What’s Jagged Intelligence, Really?
Why Your Super-Smart Chatbot Thinks 9.11 > 9.9
Imagine you hire someone for a job. In the interview, they solve a ridiculously hard puzzle that stumps everyone else. You are impressed and you are excited that you have managed to hire someone who is just brilliant.
Then on day one, you ask them to count the chairs in the conference room. They say 14. You count. There’s 17. You ask again. They say 15. What?

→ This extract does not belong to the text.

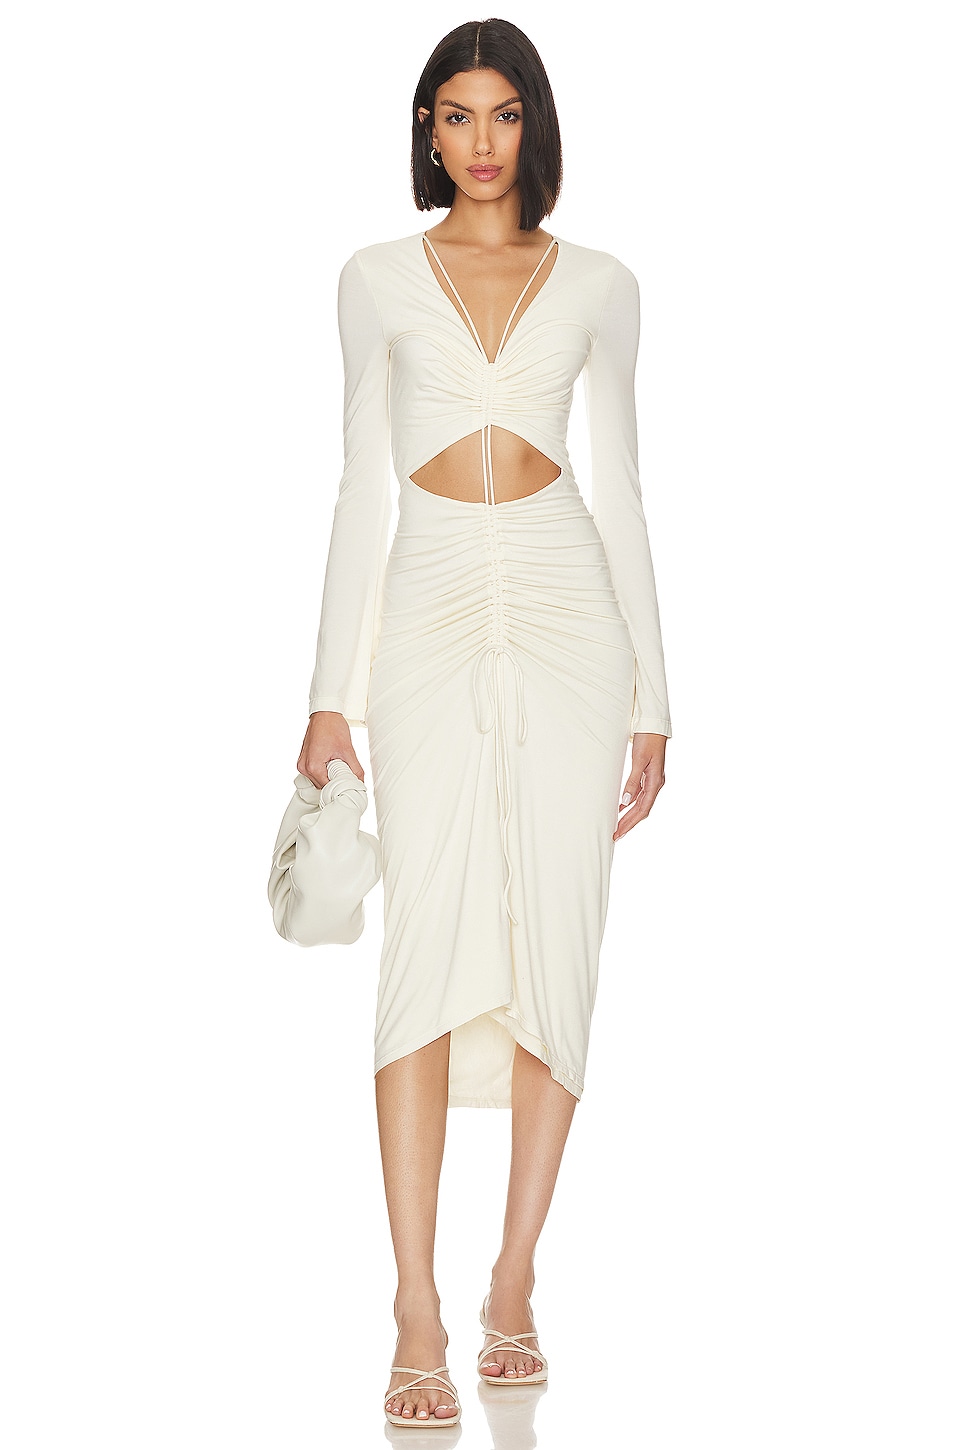 L'Academie x Jetset Christina Norae Midi Dress in Soft White

That’s jagged intelligence. Being weirdly superhuman at hard stuff while failing spectacularly at easy stuff.
That’s AI right now.
Why Does This Happen?
Here’s the thing most people miss. AI doesn’t actually understand anything. It’s not thinking. It’s pattern-matching at an insane scale.
LLM’s have consumed the internet. Billions of documents. When you ask them something, they are essentially asking themselves: “Based on everything I’ve seen, what typically comes next?”

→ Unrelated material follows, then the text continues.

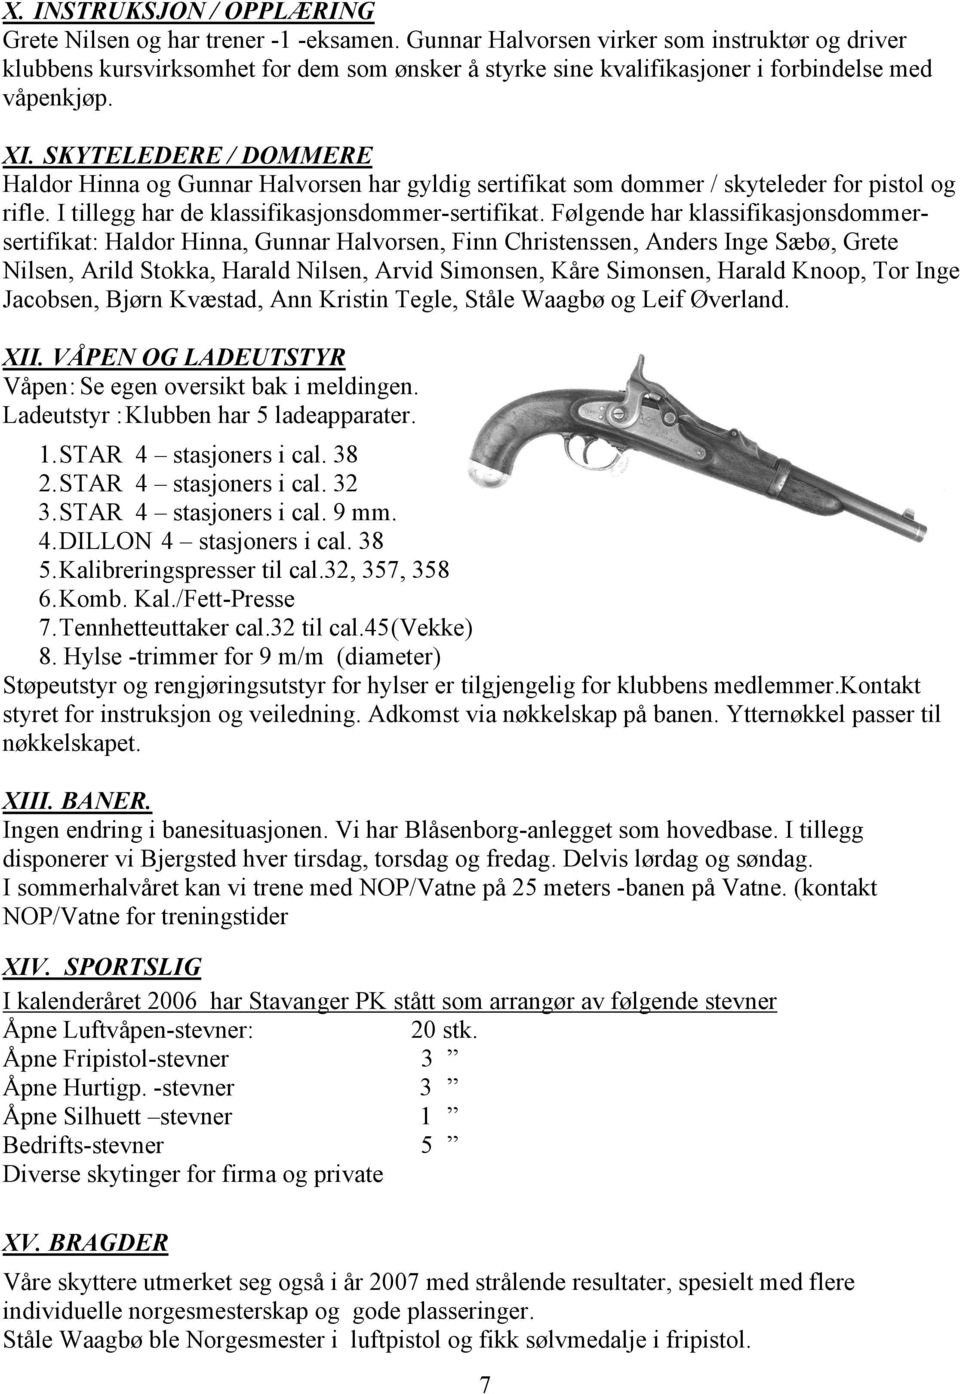 SKYTELEDERE / DOMMERE Haldor Hinna og Gunnar Halvorsen har gyldig sertifikat som dommer / skyteleder for pistol og rifle. I tillegg har de klassifikasjonsdommer-sertifikat.

When the pattern is common? They nail it. Complex code, creative writing, summarizing research etc, all heavily represented in training data. Lots of examples to learn from.

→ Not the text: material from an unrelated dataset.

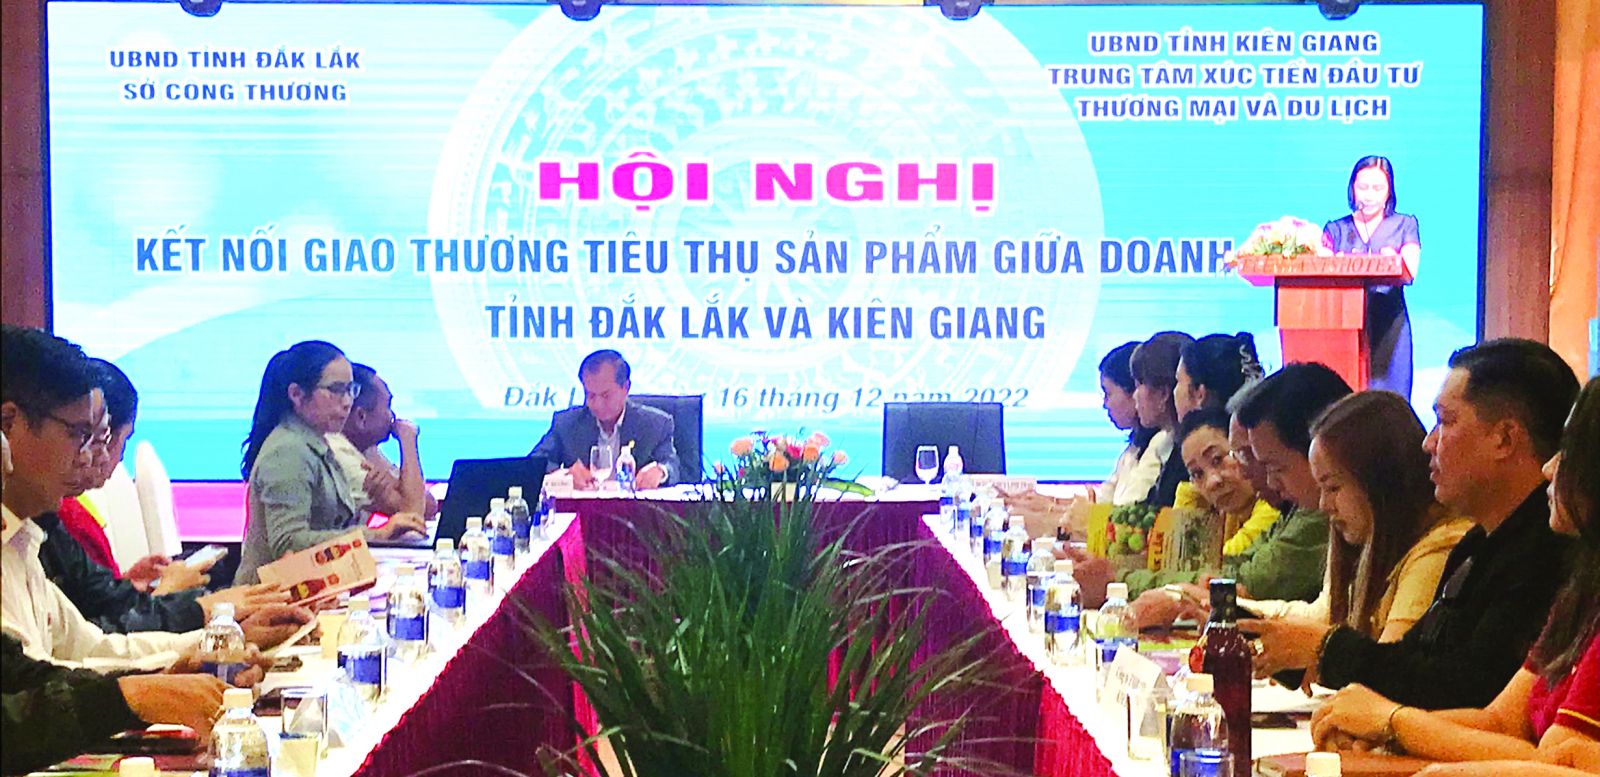  Tại Hội nghị kết nối giao thương giữa Kiên Giang và Đắc Lắk có 25 doanh nghiệp ký kết ghi nhớ và hợp đồng giao thương.

But counting letters in “strawberry”? Nobody writes essays about that. There’s no rich pattern to exploit. So the model just... guesses. Badly.
The Examples That Make It Click
Let’s get concrete.
Is 9.11 greater than 9.9? Humans instantly know 9.9 is bigger. But AI sees these as strings of characters, not numbers with meaning. “9.11” has more digits after the decimal. Pattern-wise, that might signal “bigger.” Wrong conclusion, but you can see how it got there.
The tic-tac-toe mess. You’d think AI would crush a simple game, right? Sometimes it makes illegal moves. Puts an X where there’s already an O. Why? Because it’s not actually playing the game. It’s generating text that looks like a tic-tac-toe move. Subtle but crucial difference.
The Radar Chart Mental Model
Karpathy gave us a perfect visual for this.
Imagine a radar chart where each spoke represents a different skill. For humans, the shape is roughly circular. Maybe lumpy in places, but correlated. Good at advanced math? Probably fine at basic arithmetic too.
For AI? The chart looks like a sea urchin. Spikes shooting out in random directions. Superhuman here, embarrassingly bad there. No correlation between adjacent skills.
That’s the “jagged” part. The intelligence profile isn’t smooth. It’s spiky and unpredictable.
Why Should Anyone Care?
Here’s where it gets real.
If you’re using AI to write marketing copy, jagged intelligence is fine. Worst case, you get a weird sentence and fix it.
But what about medical diagnosis? Legal analysis? Self-driving cars? Loan approvals?
In those contexts, you need consistent reliability. Not “brilliant 97% of the time, catastrophically wrong 3%.” That 3% might be the moment someone’s life depends on it.
For businesses deploying AI, this creates a trust gap. You can’t just plug it in and walk away. You need guardrails. Validation layers. Human oversight. The spikiness means you’re never quite sure when it’ll fail.
So What’s Being Done About It?
Good news and bad news.
Good news: People are actively working on this. We’re seeing hybrid systems that combine learning with hard-coded rules. Models that can verify their own outputs. Training techniques that build better “self-knowledge” so the AI knows what it doesn’t know.
Sundar Pichai calls this the “AJI phase” - Artificial Jagged Intelligence. A transitional period before we get to something smoother and more reliable.
Bad news: It’s not clear that just scaling up fixes this. Bigger models still make the same weird mistakes. The fundamental issue is that pattern-matching isn’t reasoning. Until we crack that, the jags stay.